Borough administrators also submitted a letter of intent to apply for improvements on FAA Road, which the state recently transferred to the borough. Project awards will be announced in May.

Over the summer the tourism advisory board voted to explore options for establishing a bike path along Lutak Road, from Picture Point to the state recreation site at Chilkoot Lake. Pointing to new e-bike and scooter rentals and commercial bike tours, board chair Barbara Nettleton said in July that she had noticed a rise in commercial use on the road that connects the Haines townsite to the Chilkoot Lake State Recreation Site, a popular destination for residents and visitors alike.

Due to the increased traffic, Lutak Road has “reached the end of its originally designed life,” DOT officials told borough staff, according to the manager’s report. Kreitzer said DOT said the road “does not safely support” the increased traffic, particularly from bicycle tours.

“Certainly there has been a lot of bicycle traffic along the road,” said Lutak resident Jim Wilson, who lives about a mile from the end of the road.

Wilson said he might be supportive of a bike path from town to Chilkoot Lake Road but he would be less keen about widening the road itself, which he said he thinks is already adequate for the amount of vehicular traffic it sees.

Wilson said he is concerned about how widening the road might impact upland and downhill property owners.
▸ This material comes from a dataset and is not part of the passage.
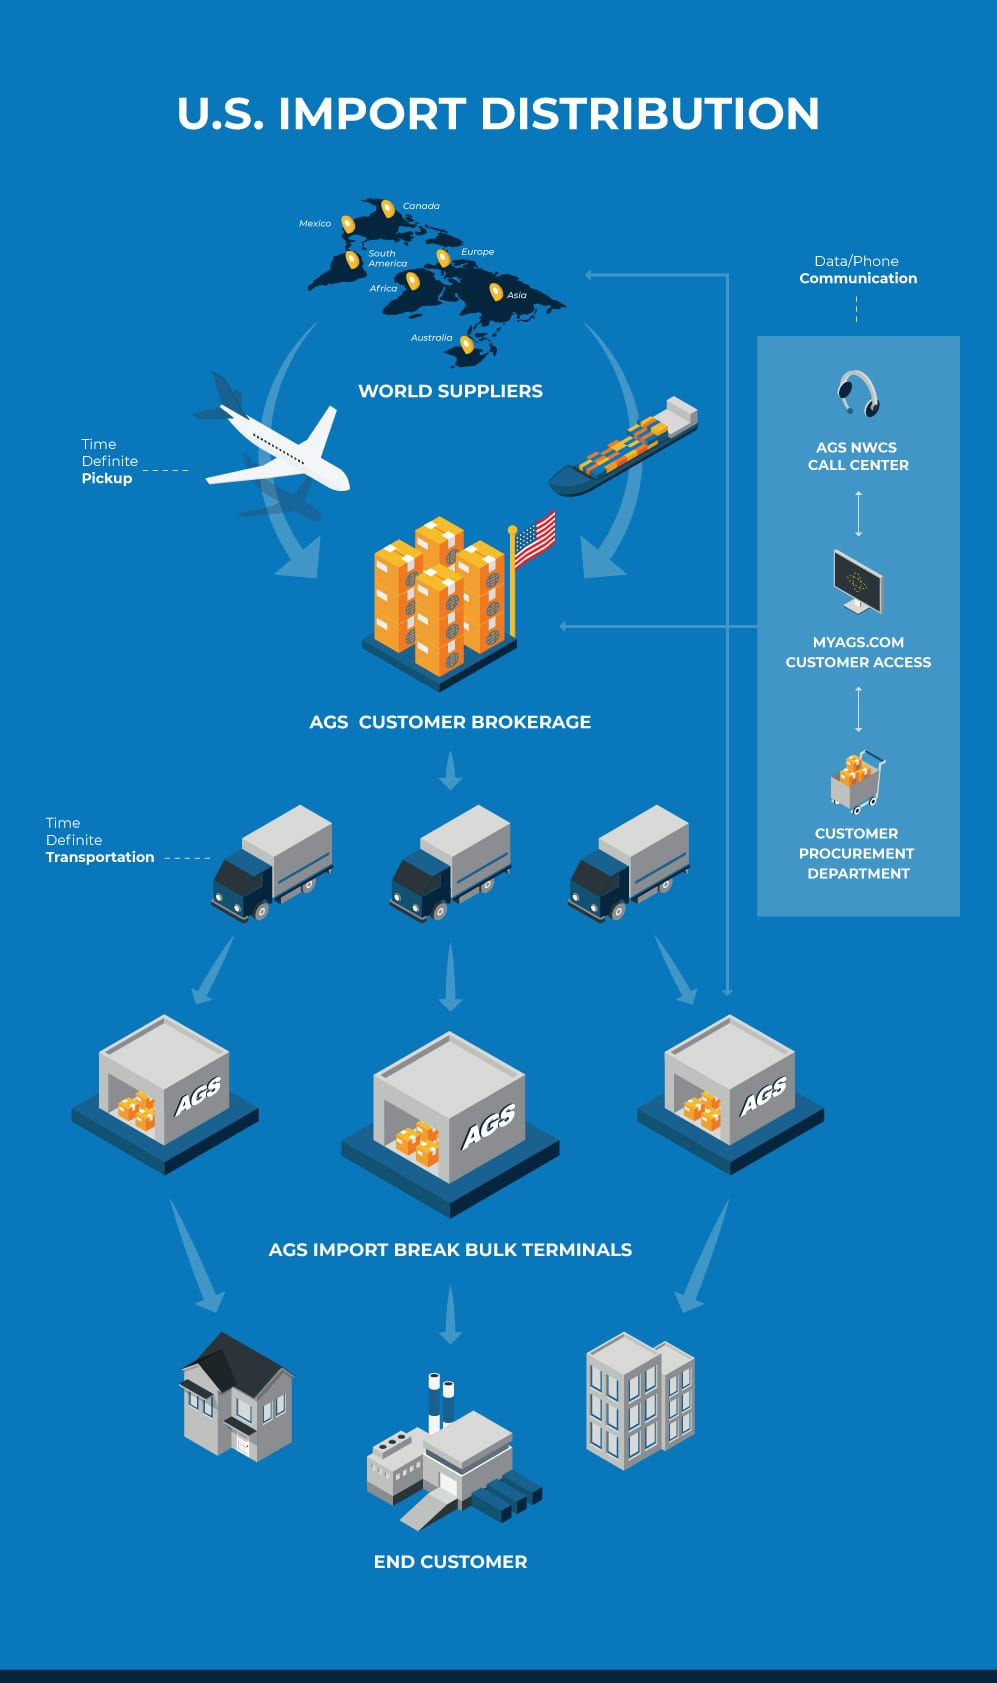 AGS-Flowchart-U.S. Import Distribution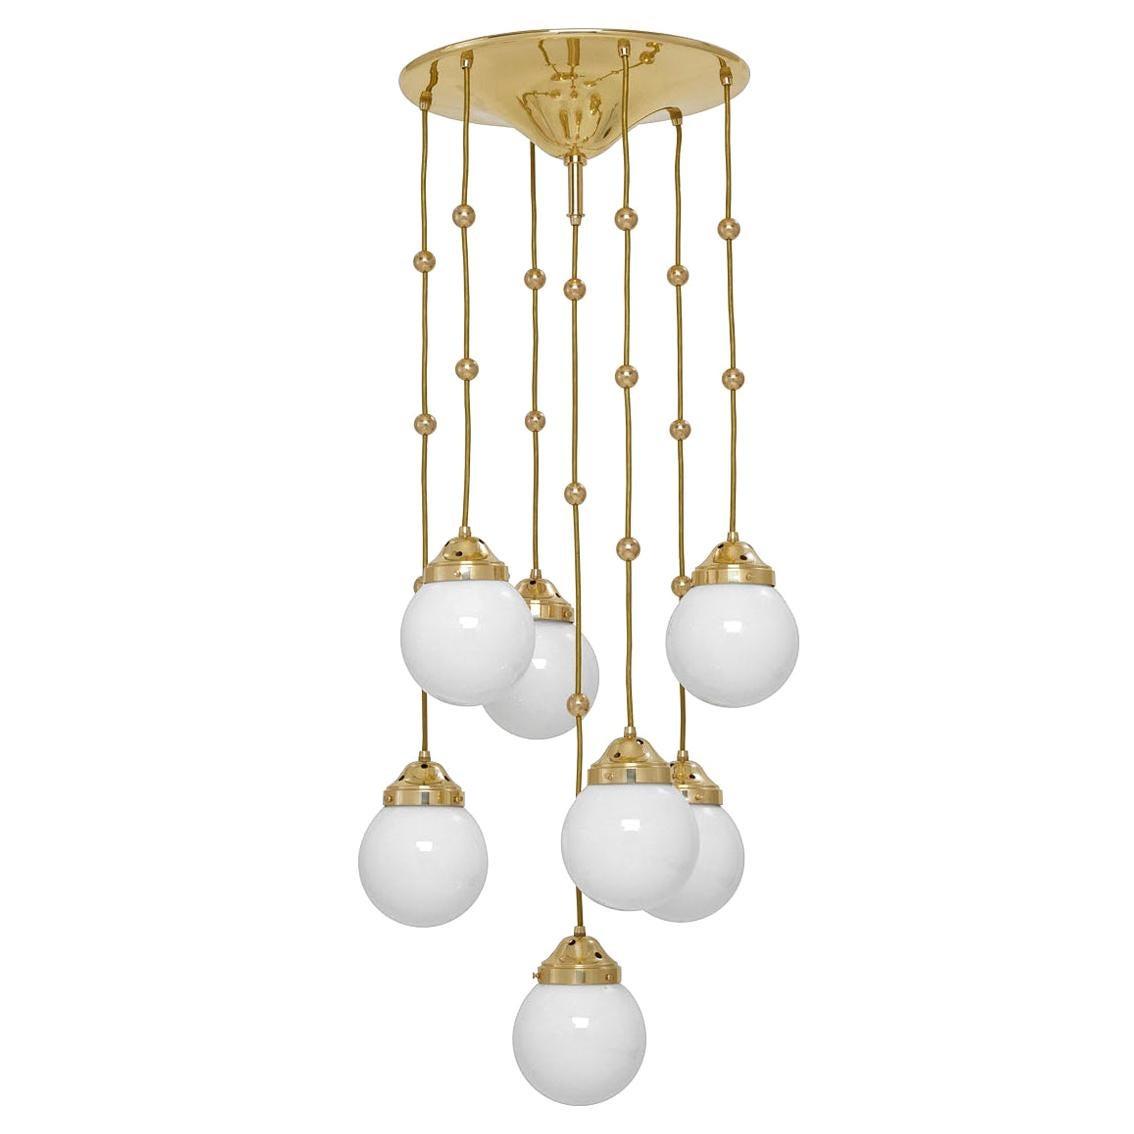 Koloman Moser, Josef Hoffmann & Wiener Werkstätte Ceiling Lamp, Re-Edition

He also said drivers have a tendency to speed in the residential area at the end of the road, and he suggested installing a digital sign that shows drivers how fast they are going.

Mayor Douglas Olerud said, at Tuesday’s assembly meeting, that DOT approached borough officials last April about Haines’ road needs and potential Community Transportation Program projects.

During public comment, Tom Morphet spoke in opposition to the borough taking ownership of state roads in exchange for improvements on Lutak Road.

“You’re being strong-armed here basically by bureaucrats who would love to get out of their obligations,” Morphet told the assembly. “I believe the state is involved in a type of extortion — and has been involved in this type of extortion statewide with municipalities — as crystallized with this offer: that the state will meet its obligations to the Lutak Road if the Haines Borough takes on the state’s ownership of these three other roads.”

Olerud said the three roads that the borough could acquire are neighborhood roads that the state doesn’t usually own and potentially could give to the borough without anything in exchange. He said the project, if it moves ahead, would include using FEMA and federal infrastructure funds to bring up the three roads to borough standards before the borough takes ownership.

State officials also, Olerud said, have floated the idea of transferring ownership of Mud Bay, Small Tracts and Lutak roads to the borough, “but we told them those are all not going to happen.”